- What this task involves:
The response should repeat word for word every line below from the one with "uxcell Uxcell Nylon" to the one with "Julie sitting and", inclusive, and nothing else; leave pictures out.
** Records for the exercise follows **
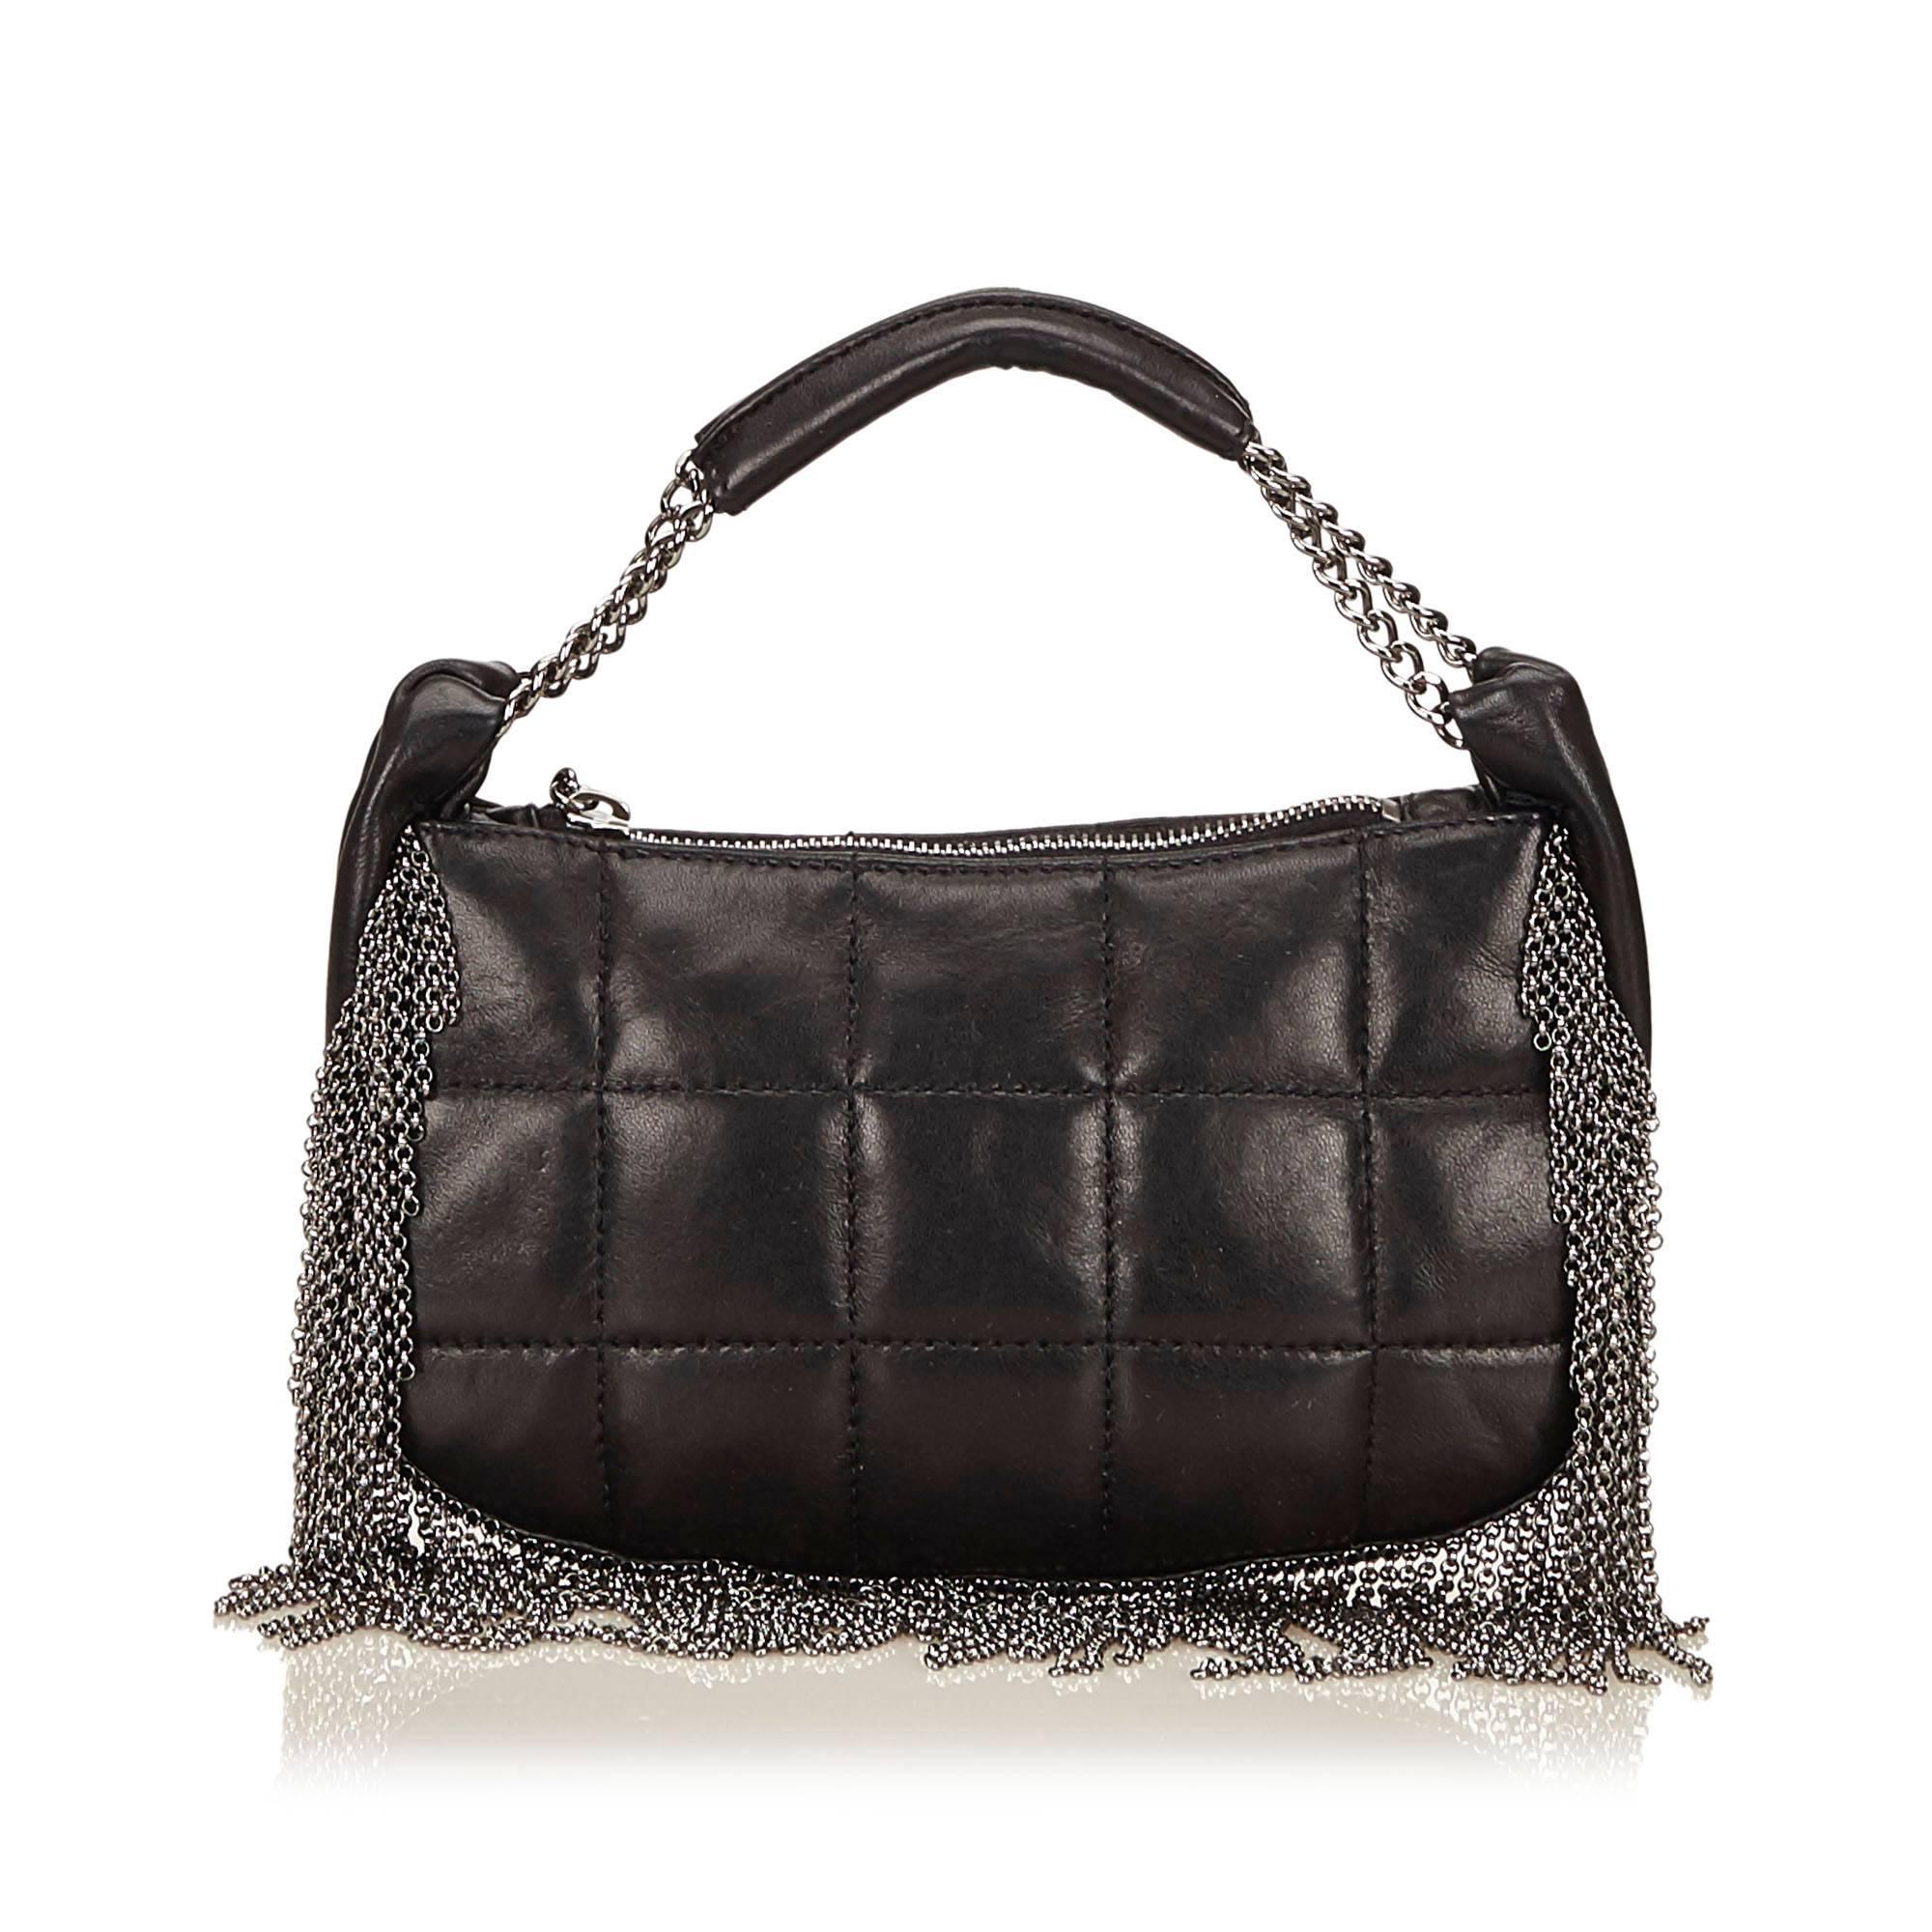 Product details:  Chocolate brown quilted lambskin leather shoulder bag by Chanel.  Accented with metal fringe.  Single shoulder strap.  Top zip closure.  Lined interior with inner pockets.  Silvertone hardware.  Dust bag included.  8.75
** End of Records for the exercise **
** Records for the exercise follows **
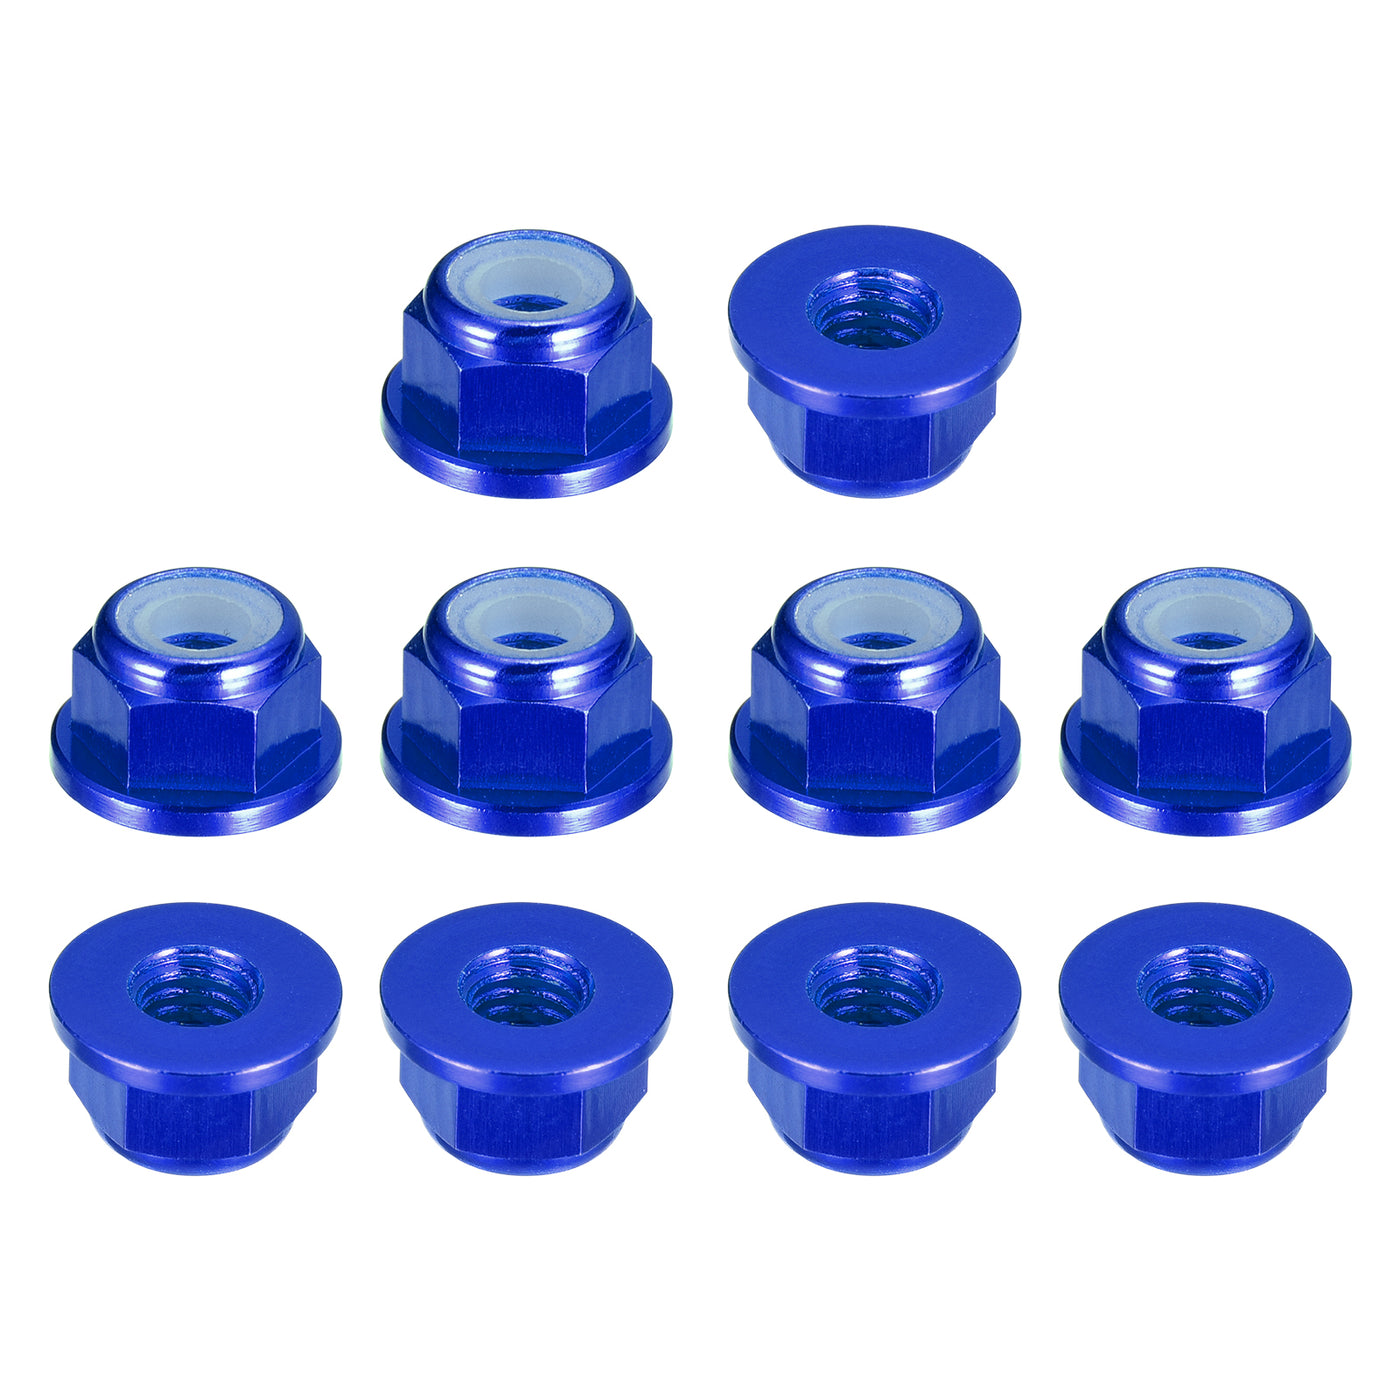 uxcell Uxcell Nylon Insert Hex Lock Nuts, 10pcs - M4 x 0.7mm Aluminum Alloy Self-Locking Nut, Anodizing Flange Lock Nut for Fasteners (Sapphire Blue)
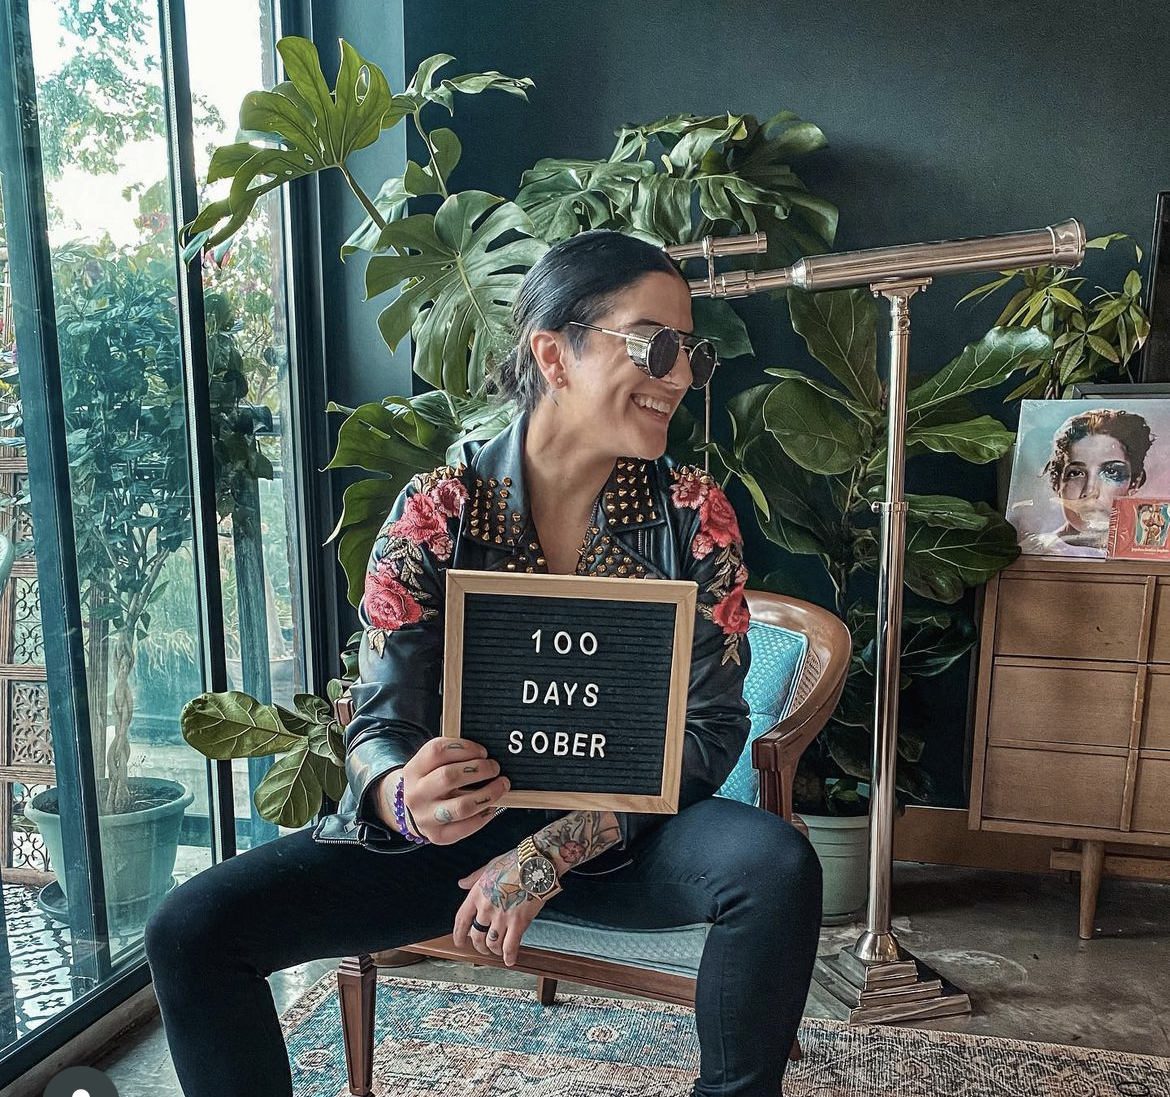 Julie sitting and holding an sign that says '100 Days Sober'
** End of Records for the exercise **
- Answer to the exercise:
 uxcell Uxcell Nylon Insert Hex Lock Nuts, 10pcs - M4 x 0.7mm Aluminum Alloy Self-Locking Nut, Anodizing Flange Lock Nut for Fasteners (Sapphire Blue)
 Julie sitting and holding an sign that says '100 Days Sober'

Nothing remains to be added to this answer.